Con puntualidad y ya sobre las tablas atacan “How It’s Done” y “Dominator” de una tacada. Suenan perfectos y el grupo va a degüello, con una platea muy participativa y belicosa. Puro punk directo en vena con Blag Dahlia vistiendo su característica camiseta sin mangas y esos guantes sin dedos. La fórmula es la de encadenar varios temas breves y charlar un poco entre tramos.
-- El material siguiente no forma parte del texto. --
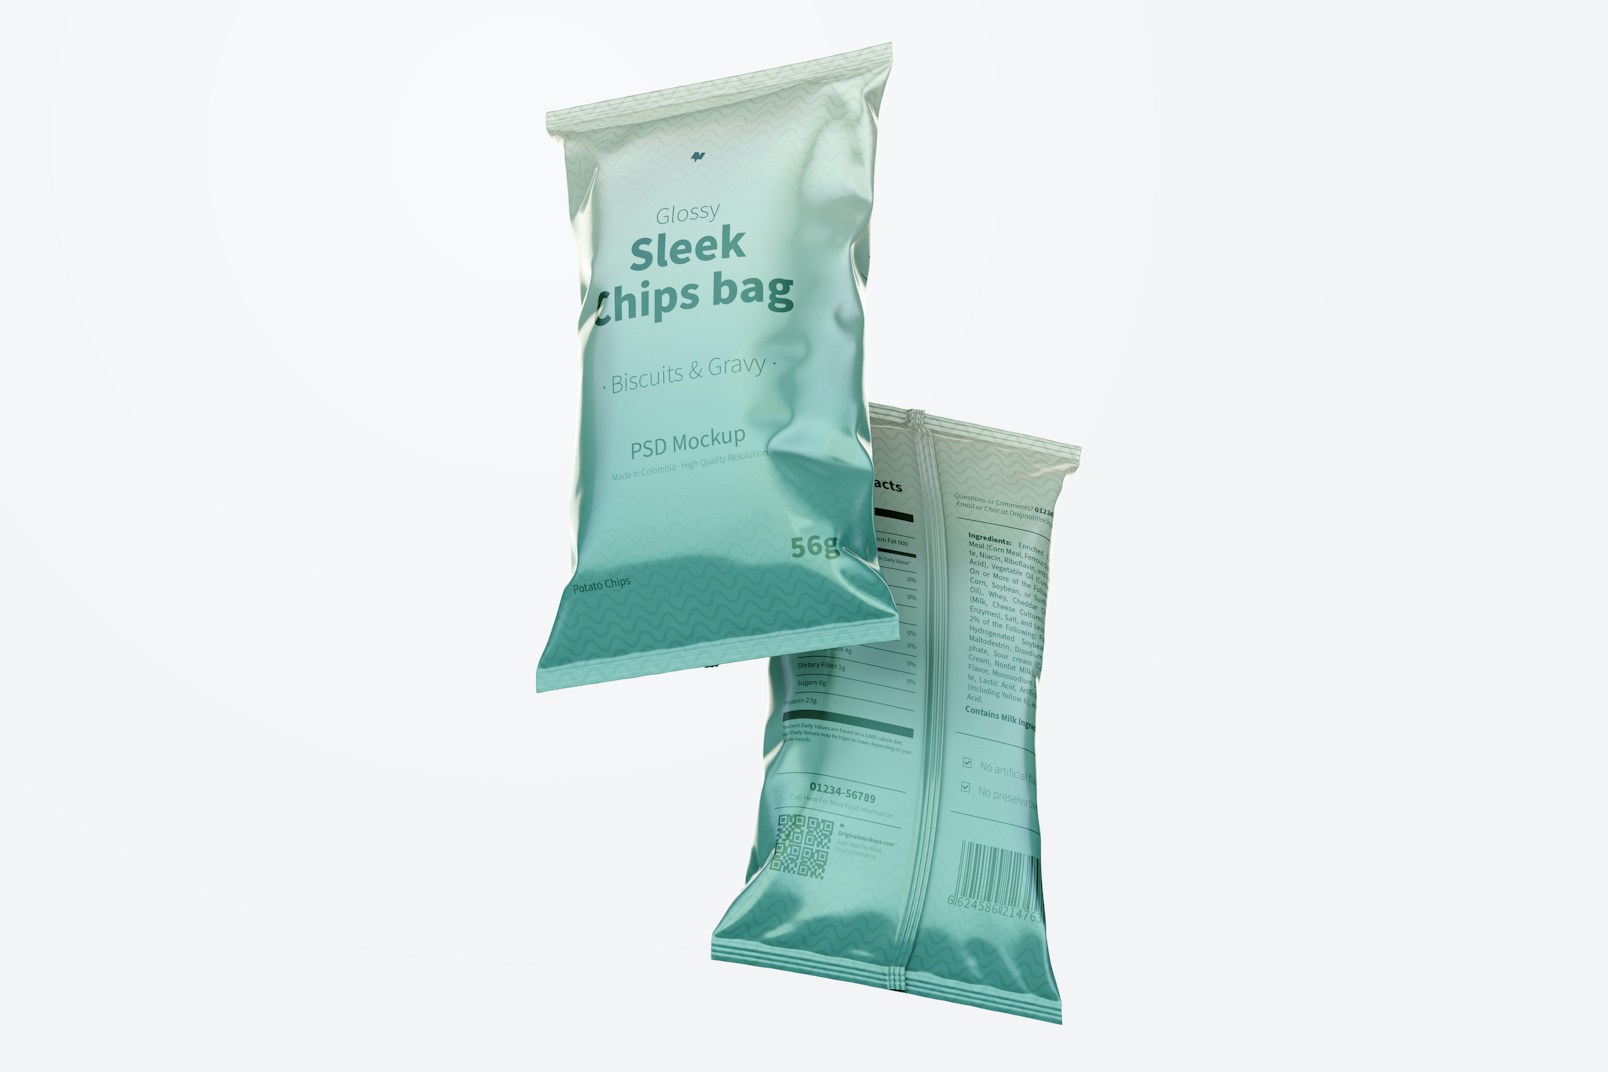 Glossy Sleek Chips Bags Mockup

Lo que está claro es que la banda es pura actitud. “Voodoo” vino con coros funcionales y alcohólicos por parte de un Nick Oliveri que fue ganando protagonismo a medida que avanzaba la velada.

 

 

Y el “Better Be Women” fue de lo más cantado de todo el concierto. Parlamentos y ese “Después de tantos años… ¡seguimos siendo muy buenos!”. Irreverencia y autobombo que desemboca en una excepcional “We Are the Scene”, tema de su último disco que de verdad que me pareció de lo mejor del repertorio. En “Druglust” Nick y Blag cantan a dúo, pero es que ya en “We only Came to Get High” el bajista fue voz solista. Mucho carisma, y de verdad que el guitarra y el baterista funcionan perfectamente y dan un plus de técnica a unos temas breves, pero muy exigentes.

 

El “Detention Girl” me pareció una especie de mofa a Nirvana, pues recordemos que ellos estuvieron en el sello Sub Pop, el que aupó al grunge y con el que no terminaron nada bien. Su último disco es un ejemplo de ello… En “Fuck You Up & Get High” Nick se desgañita y los pogos de 40tones y 50 tones tienen lugar con auténtico desenfreno. Algo curioso, y supongo que, buscado, es que empalmaron tres temas con la palabra “fuck” y tres temas más sobre demonios. Cuidan detalles y hay mucha profundidad más allá de ser temas de minuto y medio que parecen escupidos.

 

 

Hubo momento con la gente moviendo el brazo como parabrisas para luego pedir circle pits. Locura total en “I Will Deny” en la que Blag llegó justo de voz, pero poco importó… la sala se volvió loca. Y el final estaba cerca… momento de “Everybodies Girl”, siempre divertida. Incluso su líder se calzó unas gafas de sol para el momento. Subió una chica al escenario para lanzarse sobre la gente y ese punto de ebullición terminó con la colosal “We Must Have Blood”. ¿Su mejor tema? Sí para un servidor. Guitarra y baterista descamisados y Blag regalando el micro a la gente para que cantasen.

 

Hubo fans cabreados con The Dwarves por lo corto del concierto: 40 minutos. Fueron 10 más que en su última vez en estas tierras. Recordemos que esta gente tocaba 12 minutos y se largaba. Mientras el gentío gritaba y la banda recogía, Blag estaba ya fuera hablando con unas fans italianas que se quejaban de que el concierto había sido muy corto… ¡Son The Dwarves! Y tocaron mucho más de lo esperado. Infinitamente mejor que el show de 2011, pero entiendo que es una banda que no es para todo el mundo.